Visualize Latent Space and Generate Data with a VAE

In the previous post we learned how one can write a concise Variational Autoencoder in Pytorch. While that version is very helpful for didactic purposes, it doesn’t allow us to use the decoder independently at test time. In what follows, you’ll learn how one can split the VAE into an encoder and decoder to perform various tasks such as: testing, data generation and visualization of the latent space (when it is 2D).

First, let’s see how the reconstructed images compare with the original ones.

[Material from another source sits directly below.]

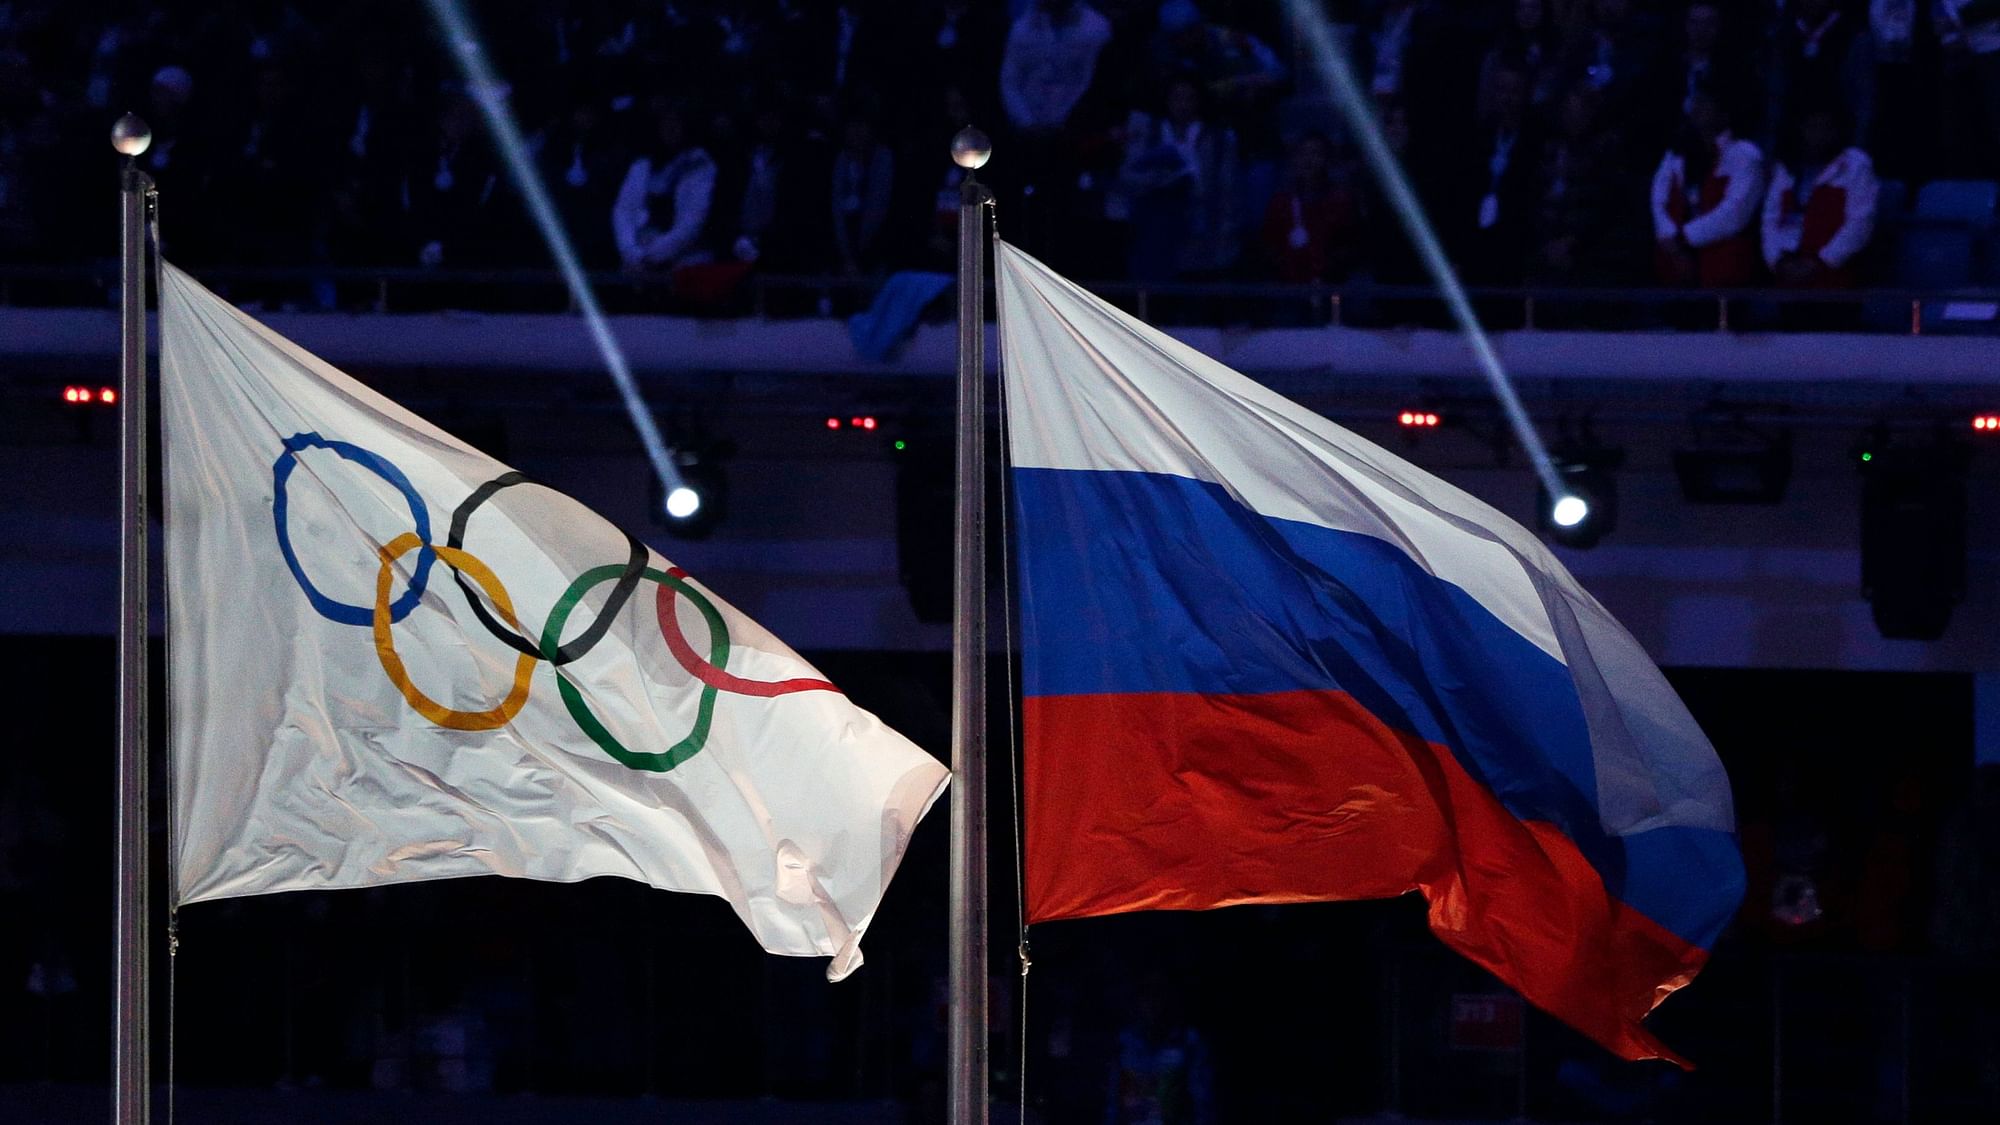 The Court of Arbitration for Sport (CAS) has reduced Russia’s initial four-year ban, imposed by the World Anti-Doping Agency (WADA), to two years.

Comparing Original Images with their Reconstructions

Now it’s time to see what our reconstructions look like. Notice from the code block above that the last testing batch of images and their reconstructions are saved in the test_images and reconstructions variables. These have shape [100, 1, 28, 28] and [100, 784] respectively. What follows may look a bit messy but we are essentially doing the following operations for both sets of images:

  • Send tensor to CPU via .cpu(). This is needed because we cannot transform a tensor to numpy when the tensor is saved on GPU. Therefore we first move it to CPU and then transform it to numpy.
  • We “clamp” or “clip” the values to be between 0 and 1. This means that values above 1 are set to 1. Values below 0 are set to 0 and values in between are kept the same. This shouldn’t be necessary due to the sigmoid function, but we still do it for good practice.
  • We select only the first 50 images.
  • We generate a grid of 5 images by 10 images.
  • Finally we transform the tensor to Numpy and shape it correctly to be displayed by plt.imshow().
# Display original images
with torch.no_grad():
    print("Original Images")
    test_images = test_images.cpu()
    test_images = test_images.clamp(0, 1)
    test_images = test_images[:50]
    test_images = make_grid(test_images, 10, 5)
    test_images = test_images.numpy()
    test_images = np.transpose(test_images, (1, 2, 0))

Original Images

# Display reconstructed images
with torch.no_grad():
    reconstructions = reconstructions.view(reconstructions.size(0), 1, 28, 28)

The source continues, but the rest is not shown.